Long-running coding agents declare tasks complete prematurely, drift from objectives after context compression, and enter doom loops. The root cause: no durable, machine-readable record of what "done" looks like and how far the agent has gotten.

Planning versus monitoring¶

flowchart LR
    subgraph Pre-Execution
        A[Task decomposition] --> B[Feature list / spec]
        B --> C[Environment setup]
    end
    subgraph During Execution
        D[Progress files] --> E[Incremental commits]
        E --> F[Drift detection]
        F --> G[Completion verification]
    end
    C --> D

Planning is pre-execution: decompose the problem, define success criteria, set up the environment. Monitoring is during-execution: track progress, detect drift, and verify completion against the spec.

Core artifacts¶

Progress files¶

A progress file (claude-progress.txt or equivalent) is a plain-text summary written at the end of each session: what was accomplished, what remains, any blockers. The next session reads it to resume without reconstructing state. Without it, agents misinterpret partial progress and either redo work or declare the task complete. (Anthropic: Effective harnesses for long-running agents)

Feature list specs¶

A JSON feature list defines every granular feature as a testable unit, each initially marked failing. As the agent implements features, it marks them passing. The feature list is a goal contract — an objective measure of completeness that stops the agent declaring victory on a hunch. (Anthropic: Effective harnesses for long-running agents)

{
  "features": [
    { "name": "user-login", "status": "passing" },
    { "name": "session-timeout", "status": "failing" },
    { "name": "password-reset", "status": "failing" }
  ]
}

Incremental commits¶

Descriptive git commits act as a secondary progress log (Anthropic: Effective harnesses for long-running agents) — each records what changed, enabling review and rollback via git diff or git revert.

Failure modes¶

Premature completion¶

Without progress files and feature lists, agents see partial progress and declare the job done. The feature list provides an objective counter: if 40 of 200 features are still failing, the agent cannot credibly claim completion.

Objective drift ¶

After context summarization, an agent may lose track of original intent — asking unnecessary clarification or pursuing tangential subtasks while appearing functional. (LangChain: Context management for deep agents) Test for drift by triggering summarization mid-task and verifying the agent continues on the original objective.

Doom loops¶

An agent edits the same file repeatedly without converging. Detection: track per-file edit counts via hooks. After N edits, inject context like "you've edited this file 8 times — try a different approach." (LangChain: Improving deep agents with harness engineering)

Harness patterns¶

The initializer agent¶

A dedicated first-session agent handles environment setup: creates init.sh, claude-progress.txt, feature_list.json, and an initial git commit. (Anthropic: Effective harnesses for long-running agents) This separates bootstrapping from coding — the coding agent never decides what "done" looks like.

sequenceDiagram
    participant H as Harness
    participant I as Initializer Agent
    participant C as Coding Agent
    H->>I: Session 0: bootstrap
    I->>I: Create progress file, feature list, init script
    I->>H: Initial commit
    loop Sessions 1..N
        H->>C: Resume from progress file
        C->>C: Pick features, implement, test
        C->>H: Update progress file, commit
    end

Pre-completion checklist¶

Middleware intercepts the agent before exit and forces a verification pass against the task spec. Each requirement must confirm before the harness allows completion — a mechanical safeguard against premature exit. (LangChain: Improving deep agents with harness engineering)
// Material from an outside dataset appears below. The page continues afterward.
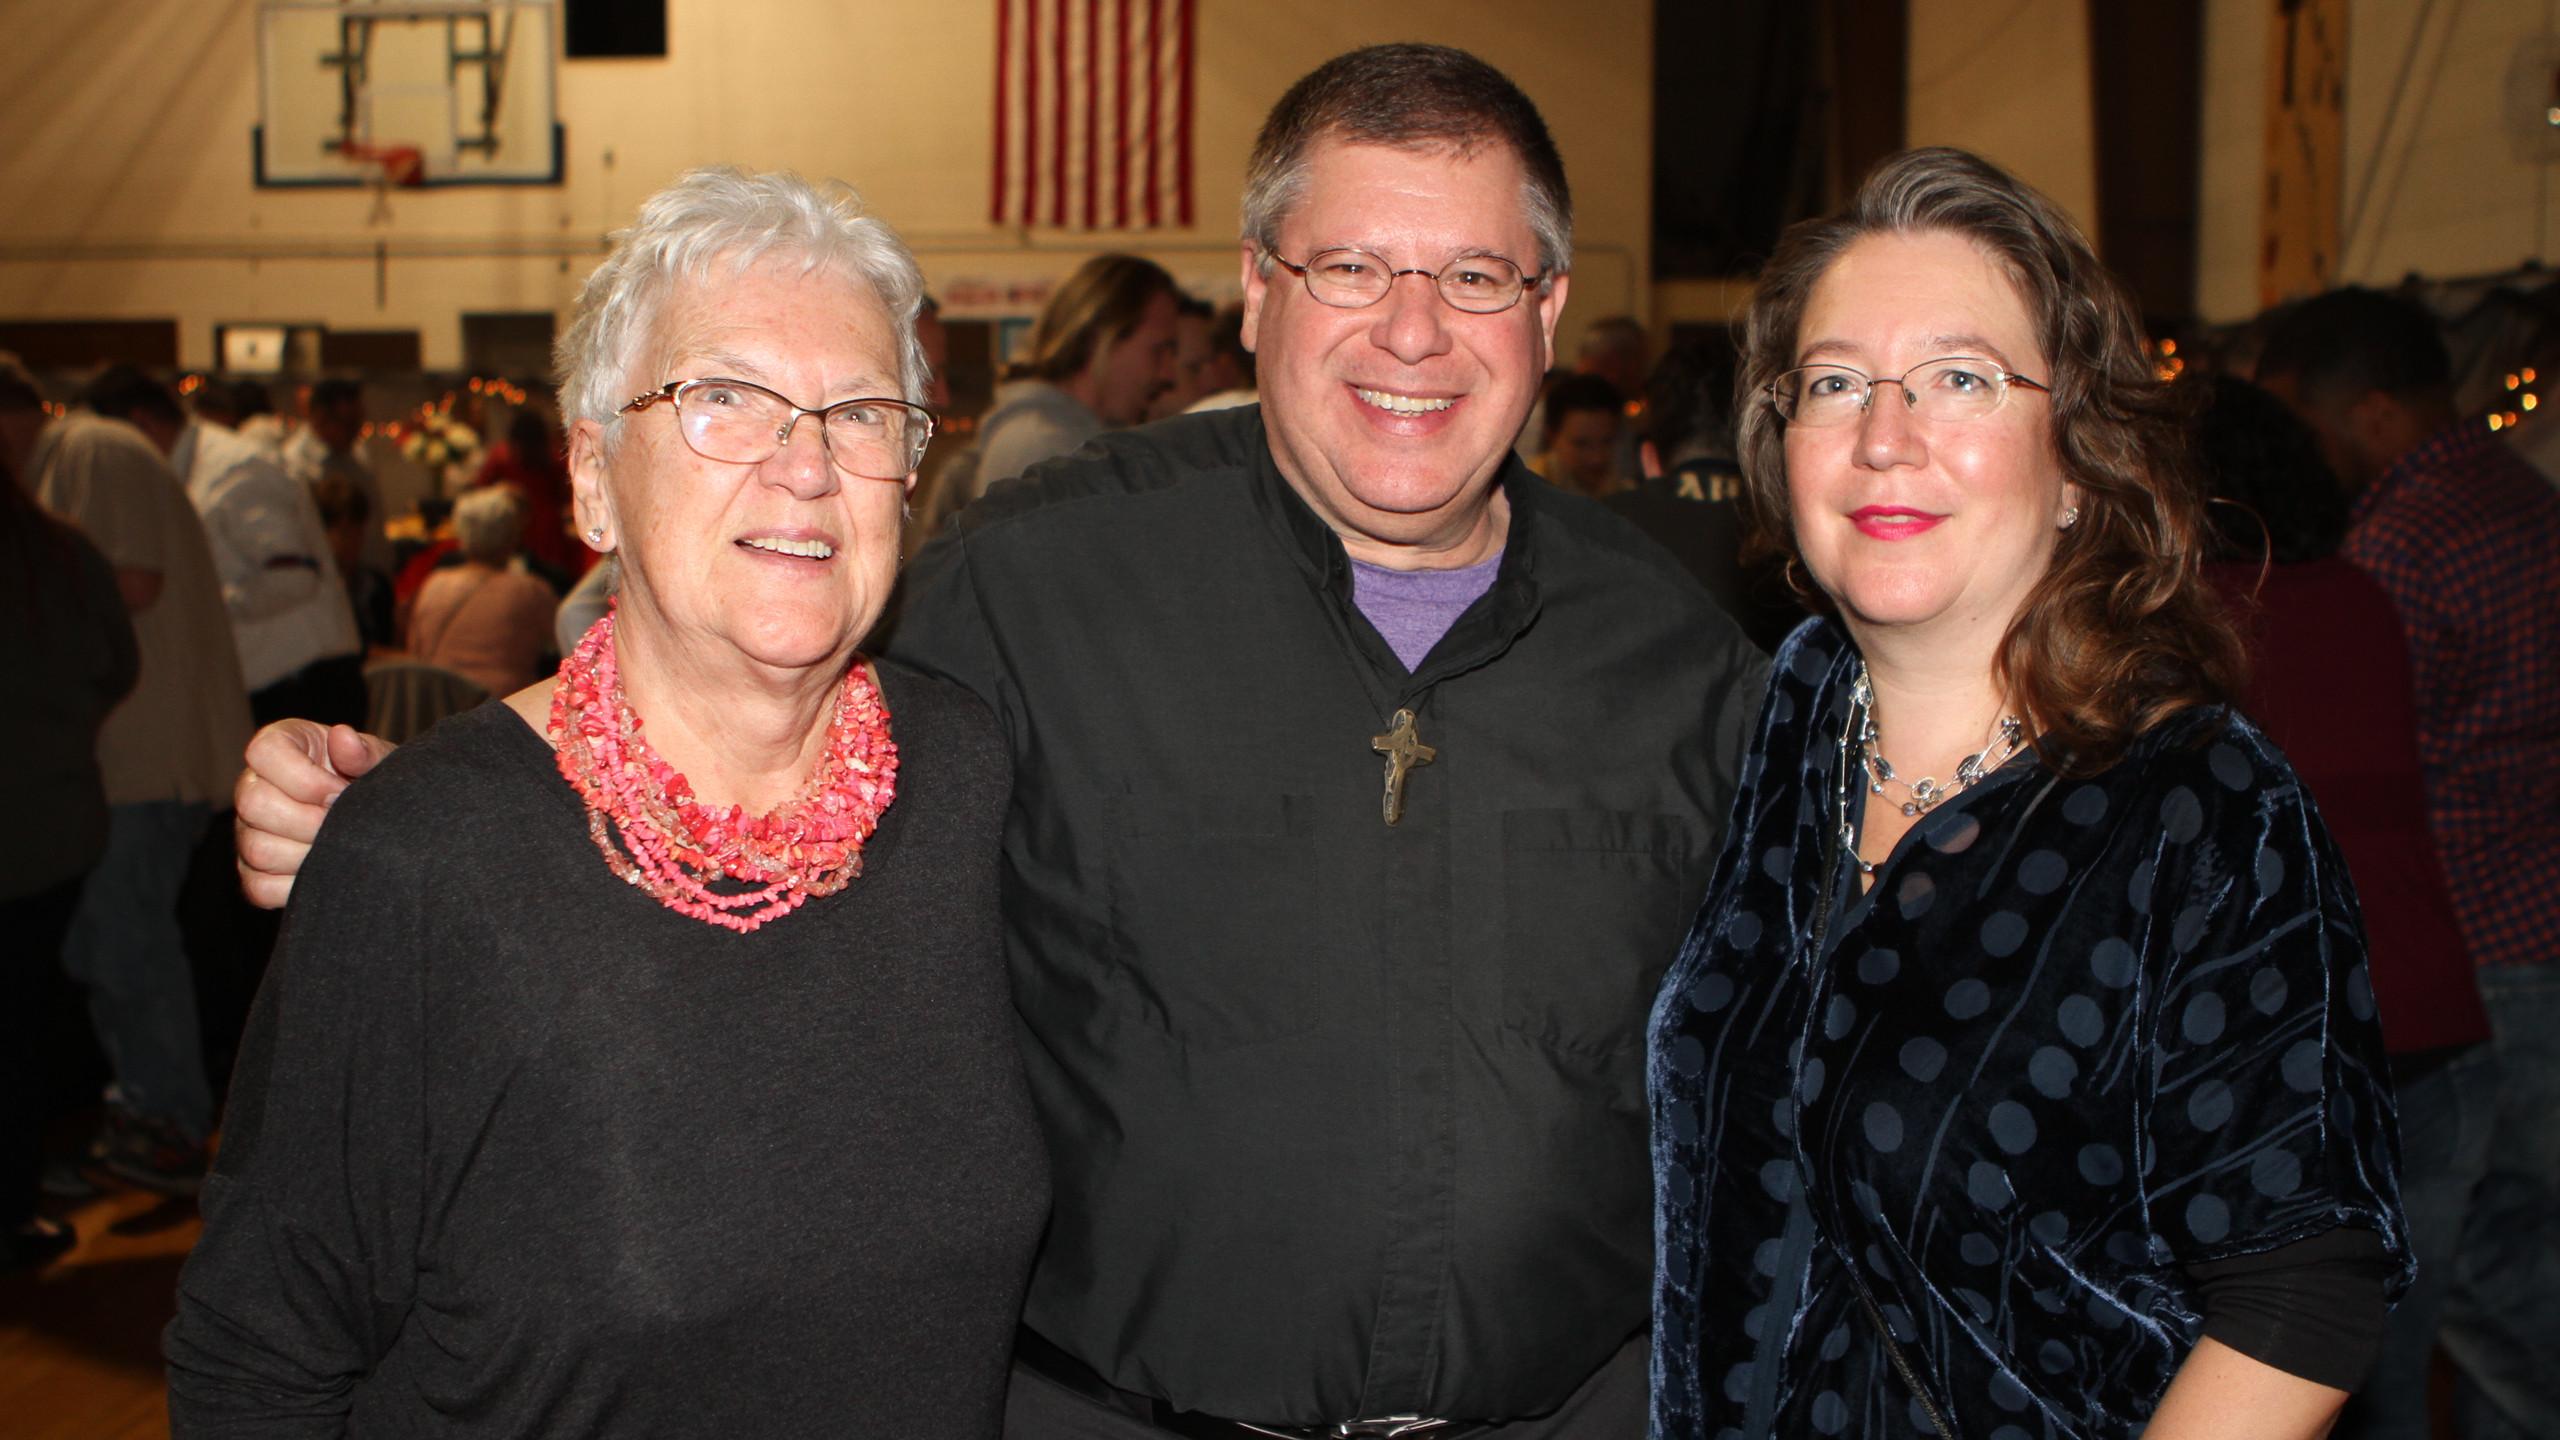 Renate Platz, Father Steve Wolf and Astr

Loop detection middleware¶

Tool call hooks can track repetitive behavior by monitoring consecutive failed tests or repeated identical tool calls. When thresholds are exceeded, the harness injects corrective context or forces a strategy change.

Environmental feedback¶

Agents need continuous ground truth — test results, linter output, build status — to confirm changes actually work. (Anthropic: Building effective agents)

Why it works¶

Progress files and feature lists externalize state that would otherwise live only in the model's context window. Context compression partially replaces in-context memory with a summary — which can omit detail. A progress file written to disk is immune to that loss. A JSON feature list makes completion criteria explicit and binary: the model cannot interpret "passing" as "partially passing." The separation between volatile in-context reasoning and durable external state closes the gap between what the agent thinks it has done and what it has actually done.

When this backfires¶

Short-lived tasks: for a task that finishes in a single session, progress files and an initializer agent add overhead that exceeds their benefit. The payback only arrives once the context window boundaries become real.
Emergent requirements: feature lists require upfront enumeration. When you discover success criteria through exploration, a rigid contract creates friction — the agent spends time updating the list rather than building.
Broken scaffolding: a misspecified feature_list.json from the initializer is worse than none — downstream sessions inherit a false map and gain false confidence about completion.

Production monitoring¶

Rainbow deployments: shift traffic between agent versions without disrupting in-progress tasks. (Anthropic: Multi-agent research system)

Decision path tracing: monitor decision patterns and interaction structures (not content) to diagnose failures — non-deterministic failures require full tracing. (Anthropic: Multi-agent research system)

Example¶

A harness bootstraps a multi-session coding task with monitoring artifacts, then uses them to prevent premature completion:

# Session 0: Initializer agent creates monitoring artifacts
cat > claude-progress.txt << 'EOF'
## Status: IN PROGRESS
## Completed: 0/5 features
## Current: Setting up project scaffolding
## Blockers: None
EOF

cat > feature_list.json << 'EOF'
{
  "features": [
    { "name": "auth-middleware", "status": "failing" },
    { "name": "rate-limiter", "status": "failing" },
    { "name": "health-endpoint", "status": "failing" },
    { "name": "request-logging", "status": "failing" },
    { "name": "graceful-shutdown", "status": "failing" }
  ]
}
EOF

git add claude-progress.txt feature_list.json
git commit -m "init: monitoring artifacts for API server task"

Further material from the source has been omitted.